[Start of section]

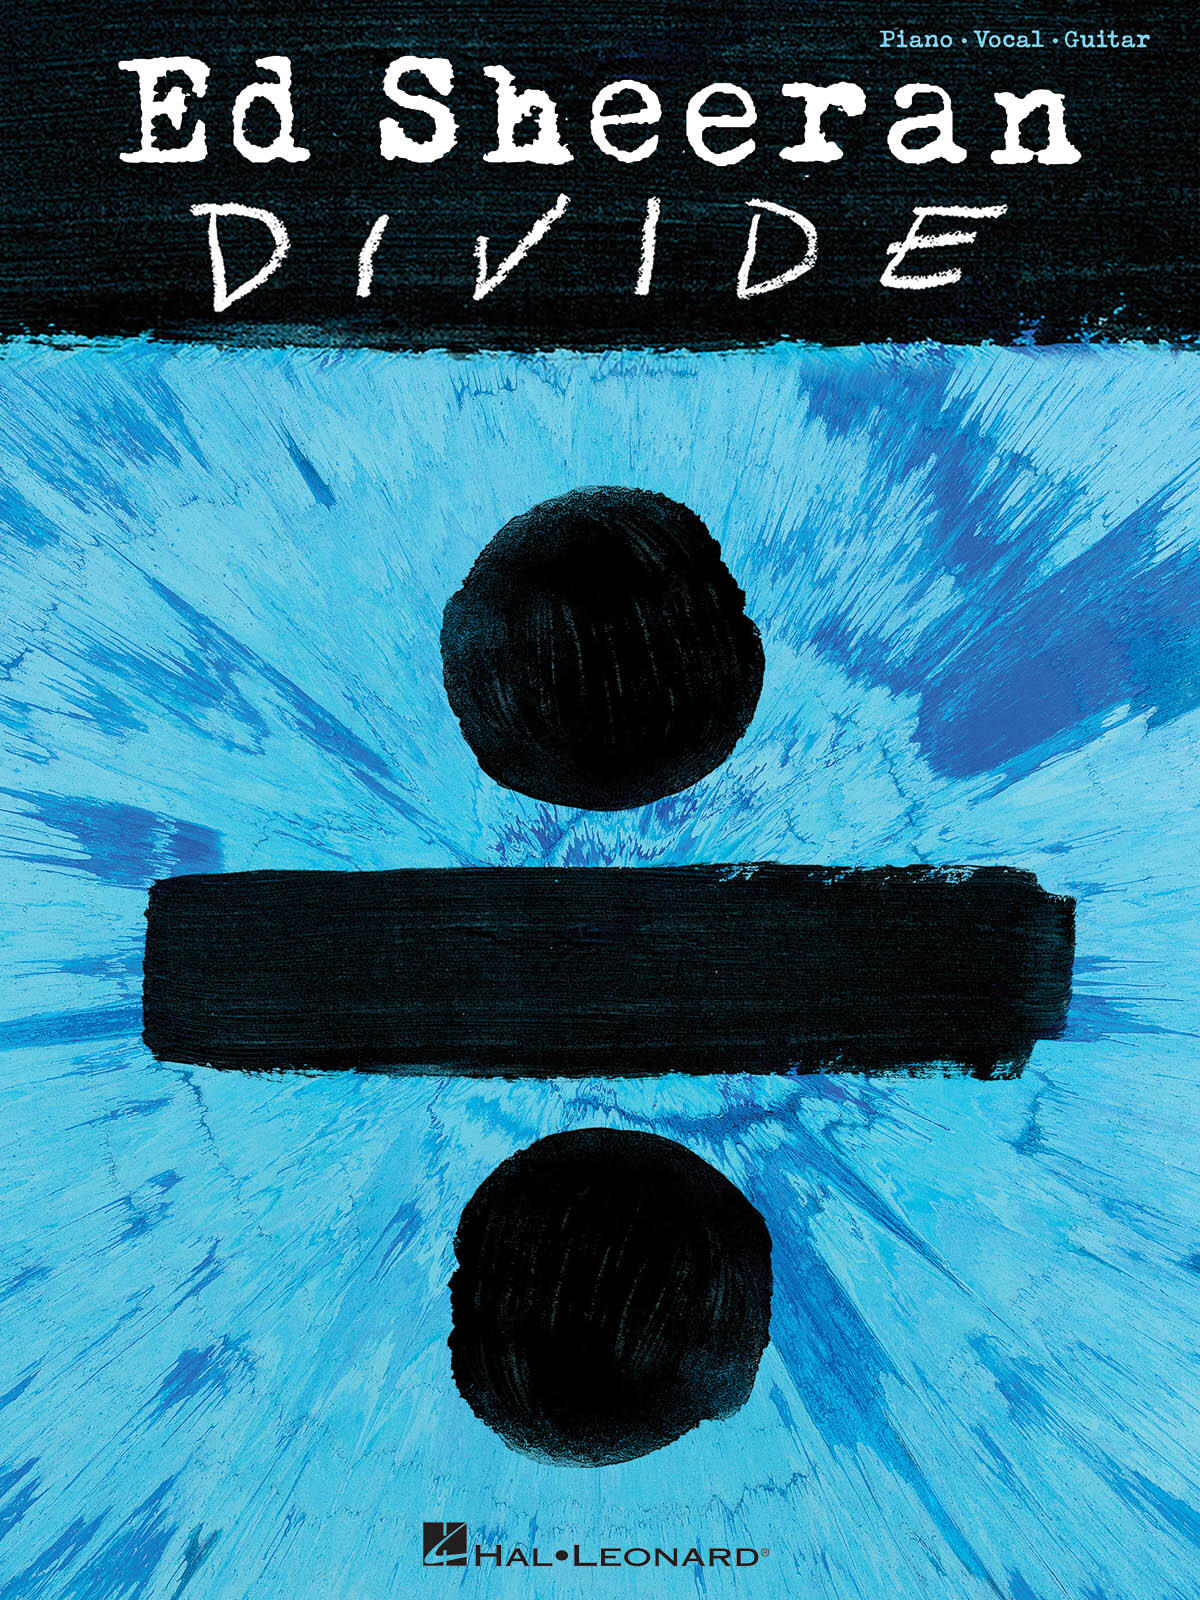 Ed Sheeran - Divide PVG Songbook : photo 1
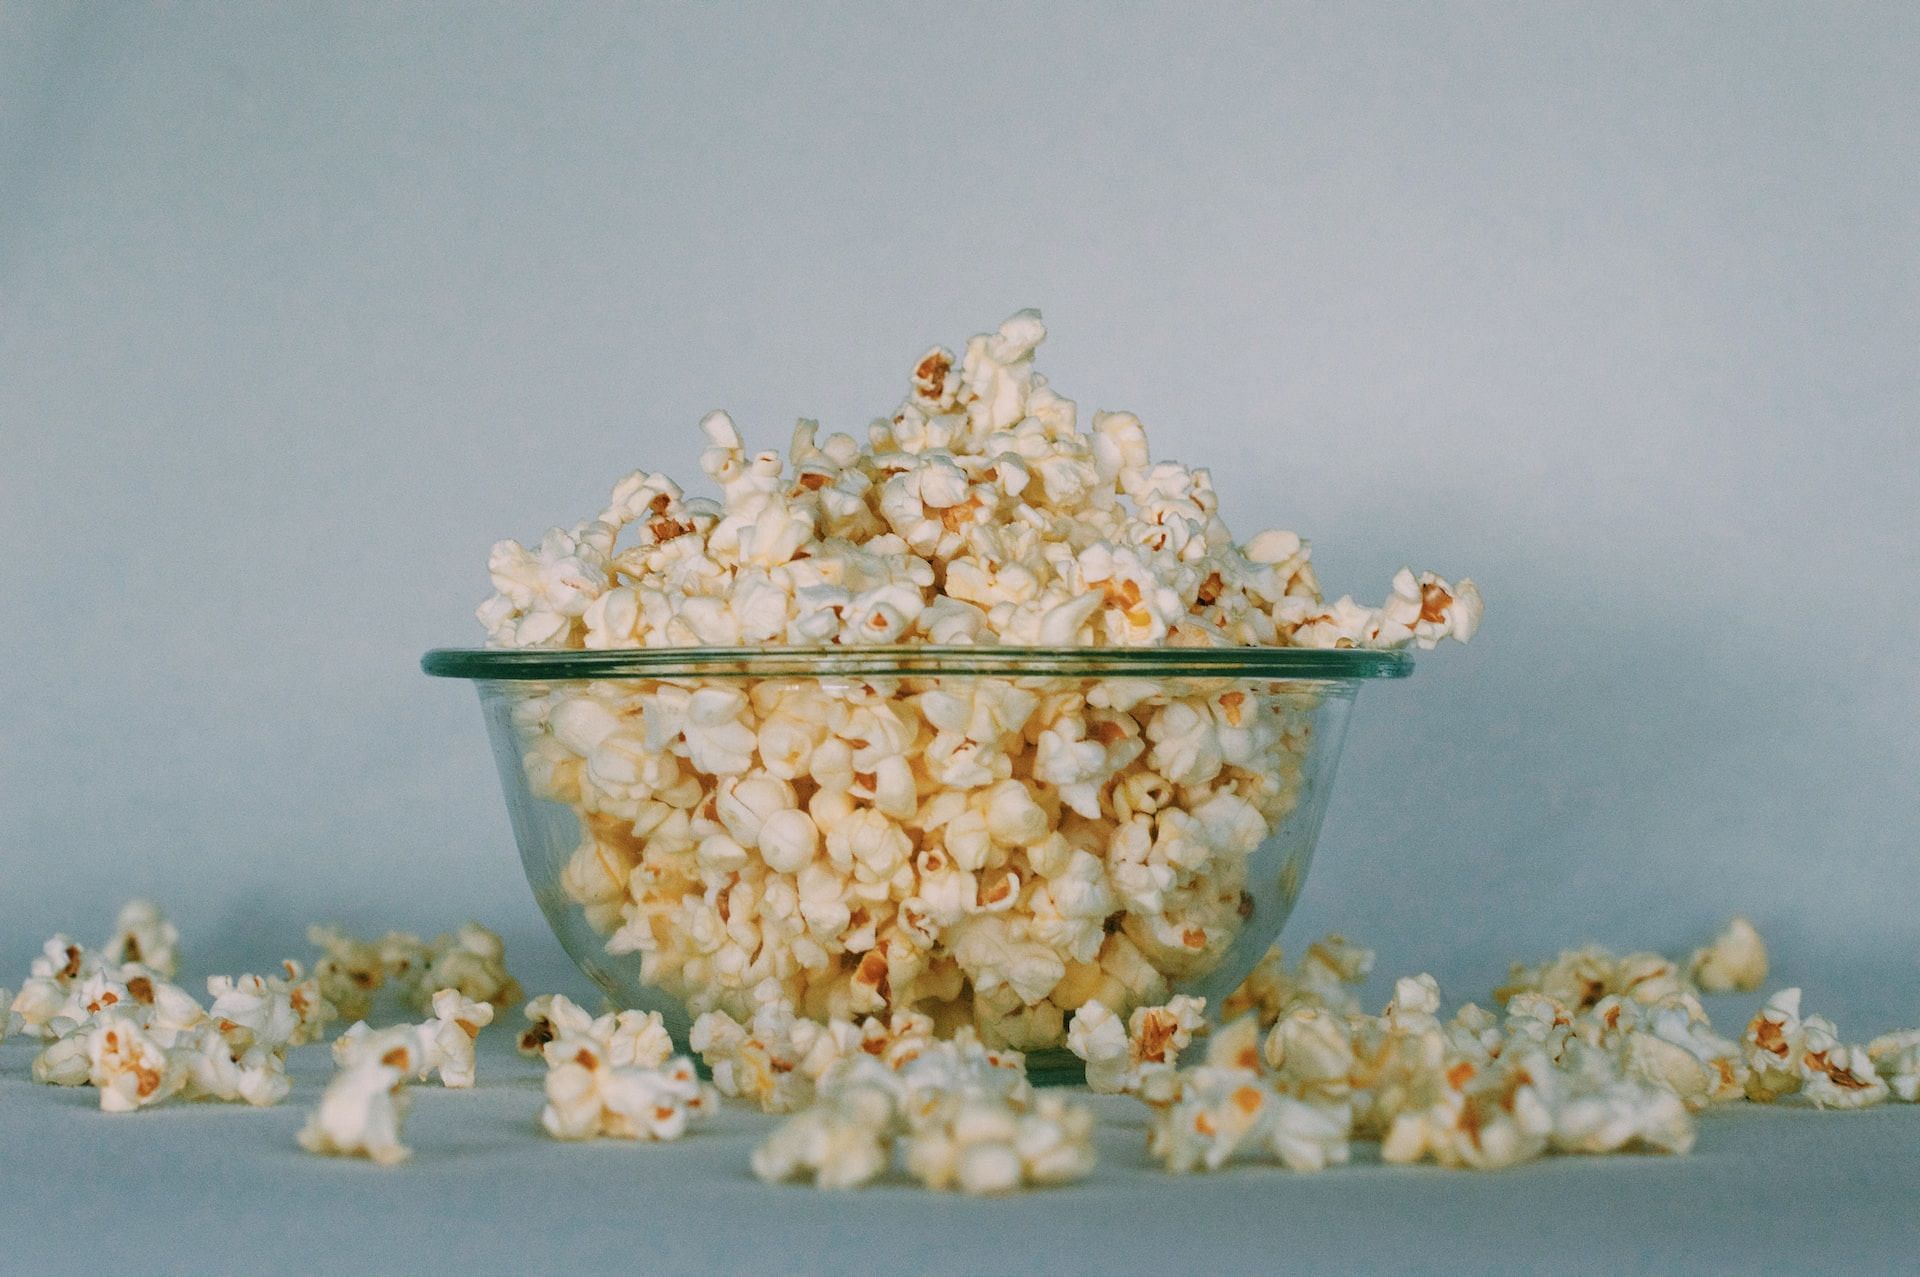 Popcorn (Photo by Georgia Vagim on Unsplash)
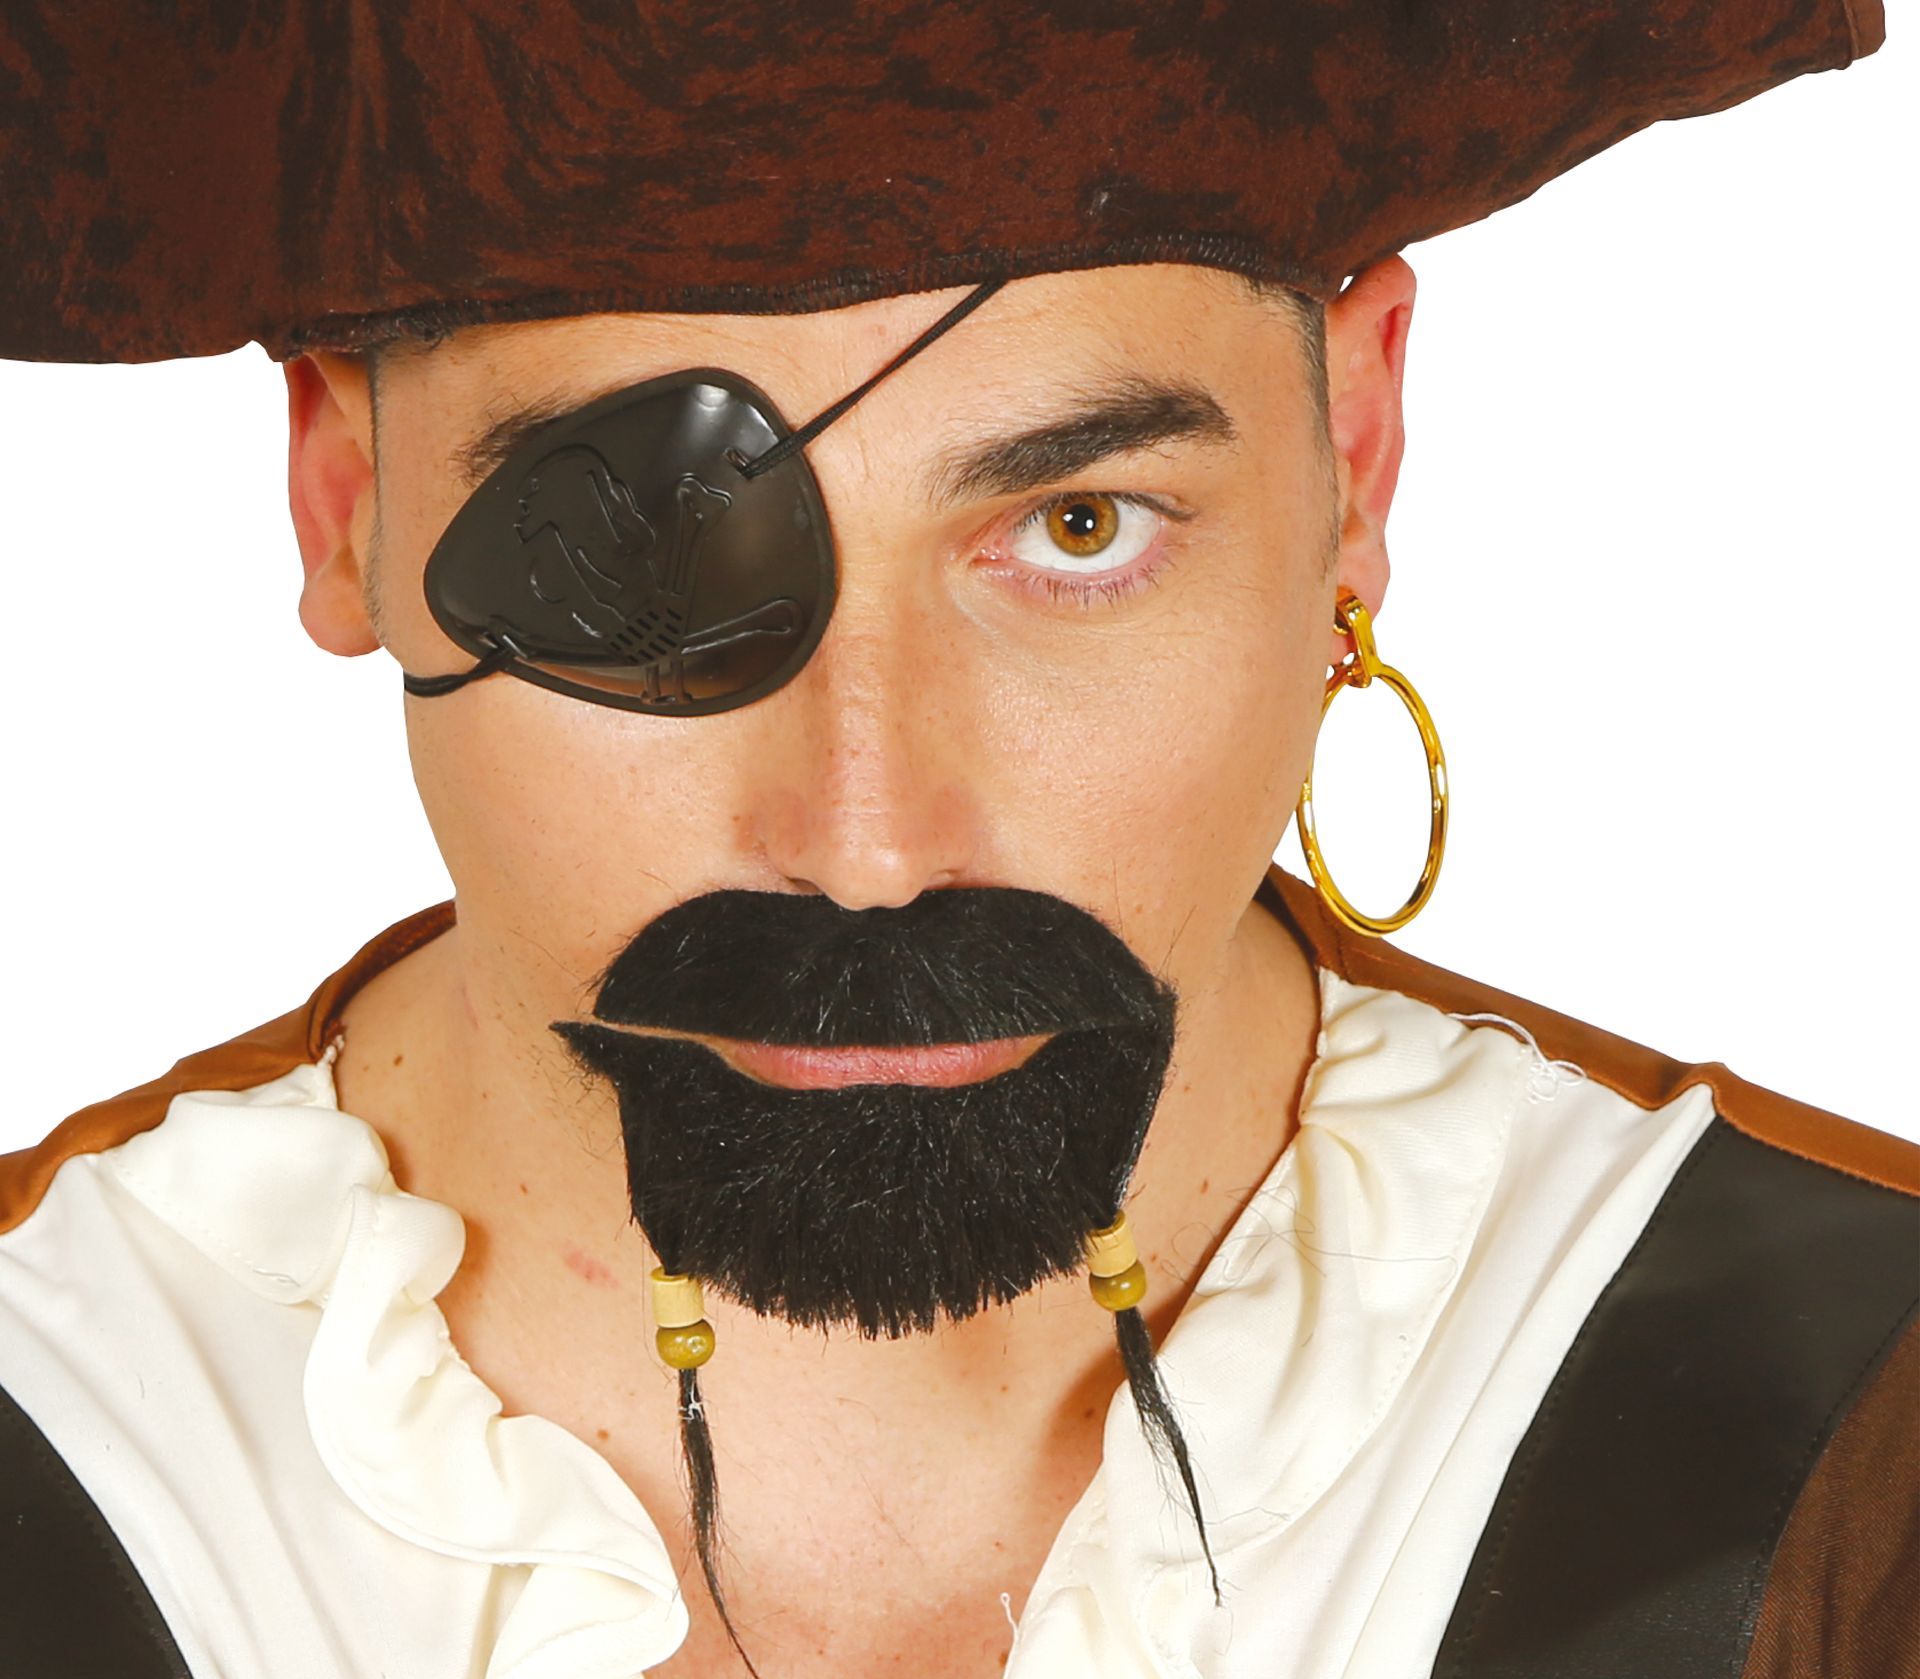 Piraten accessoire setje

[End of section]

> [HOW TO COMPLETE THIS TASK] Print each line of the material above exactly, with the pictures removed from your copy.

> [WRITTEN RESPONSE]
 Ed Sheeran - Divide PVG Songbook : photo 1
 Popcorn (Photo by Georgia Vagim on Unsplash)
 Piraten accessoire setje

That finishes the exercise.